IPS Glow Database: 40+ Monitor Models Tested & Rated

By Marcus Chen  ·  Display Hardware Analyst  ·  Published March 28, 2026  ·  Updated April 6, 2026
Abstract: IPS glow is an inherent optical property of liquid crystal panels — but its severity varies dramatically between models. Some monitors show barely perceptible corner brightening; others look like they have active light sources in the bezel. This database compiles our dark-room test results across 40+ current monitors, giving you the first-hand comparison data that manufacturer spec sheets never include.
IPS monitor photographed in a dark room showing characteristic IPS glow — warm golden luminance in corners on a pure black screen
IPS glow on a 27-inch IPS panel photographed in a completely dark room at 100% brightness with a pure black signal from our Display Test tool. This is a mid-severity example — corners show clear brightening but the center is true black. Tested using our standardized dark-room protocol at ISO 1600, f/4, 1/30s.

1. IPS Glow vs.

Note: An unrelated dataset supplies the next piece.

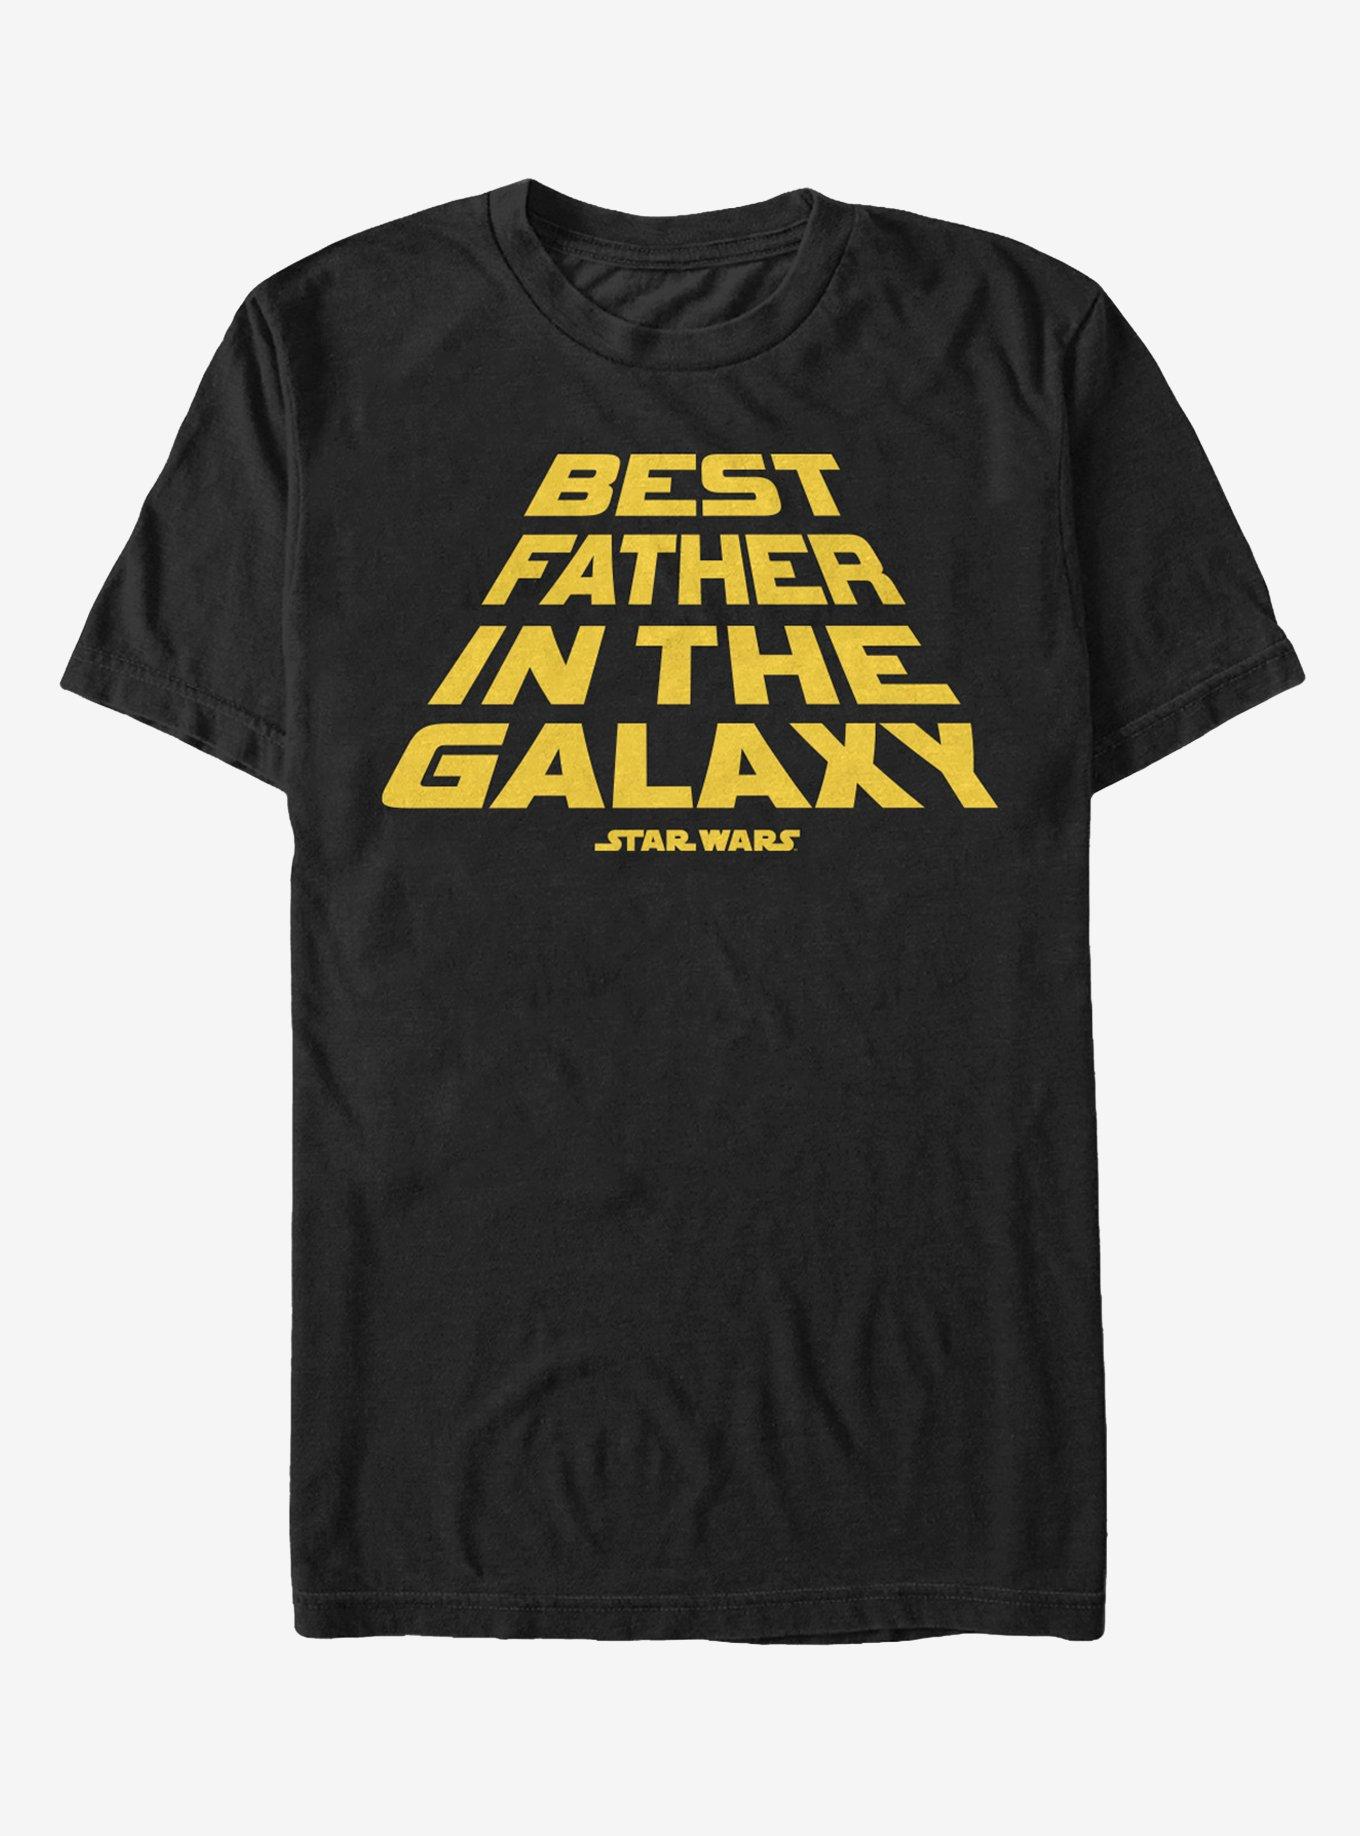 Star Wars Best Father In The Galaxy T-Shirt, BLACK, hi-res

Backlight Bleed: A Critical Distinction

Before using this database, it's essential to confirm you're dealing with IPS glow rather than backlight bleed. The two are often confused, but they have different causes, different severity patterns, and different remedies.

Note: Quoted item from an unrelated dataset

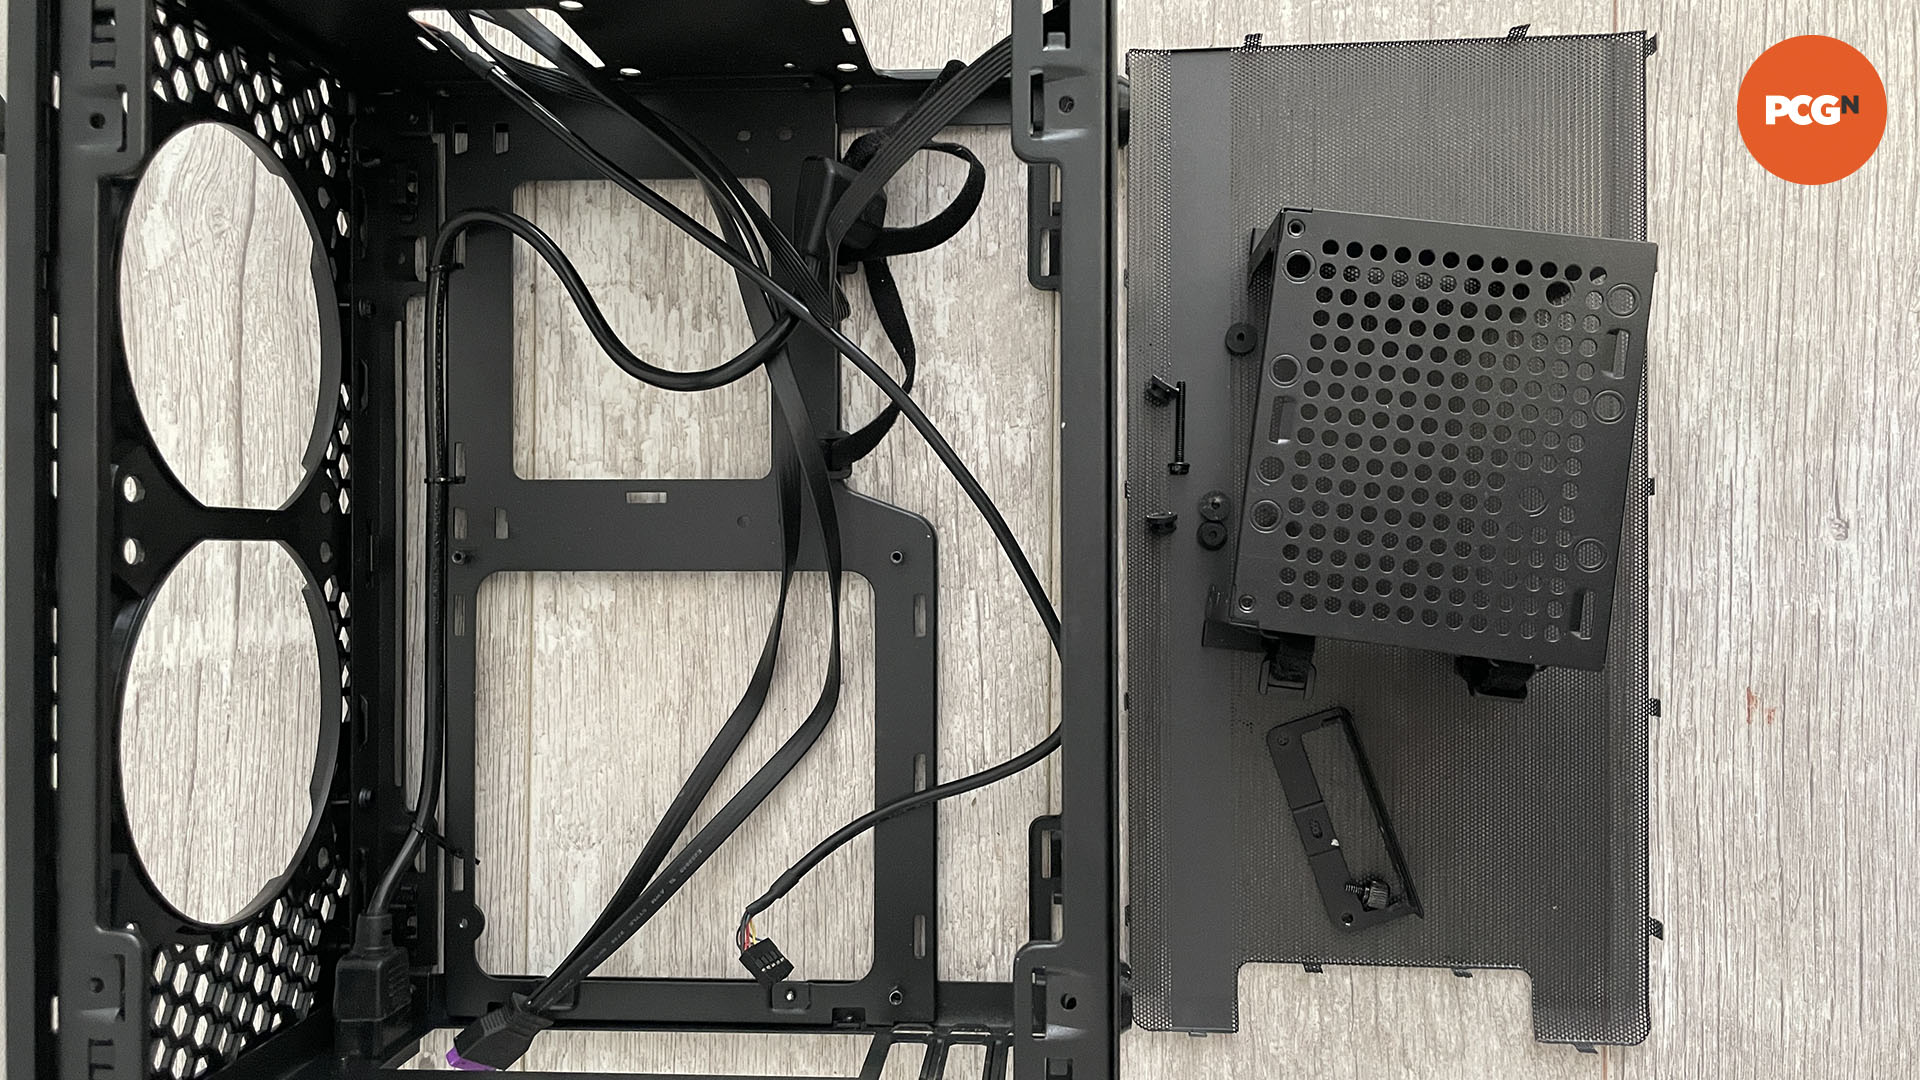 How to move the motherboard tray in your PC case: Remove fixtures and fittings

IPS glow comparison: straight-on view versus 45-degree viewing angle showing glow intensification
IPS glow changes with viewing angle — it intensifies when viewed off-axis (right). Bleed does not shift.
Backlight bleed in the corner of an IPS monitor — static bright patch that does not move with viewing angle
Backlight bleed appears as a static bright patch, typically near the bezel edge. It does not shift with angle.
  • IPS Glow: An optical property of the IPS liquid crystal structure. Shifts and intensifies when you change your viewing angle. Present on all IPS panels to some degree. Not a defect — it is physics.
  • Backlight Bleed: A mechanical defect caused by gaps in the panel sandwich. Remains in exactly the same position regardless of your viewing angle. More common on large panels and budget builds.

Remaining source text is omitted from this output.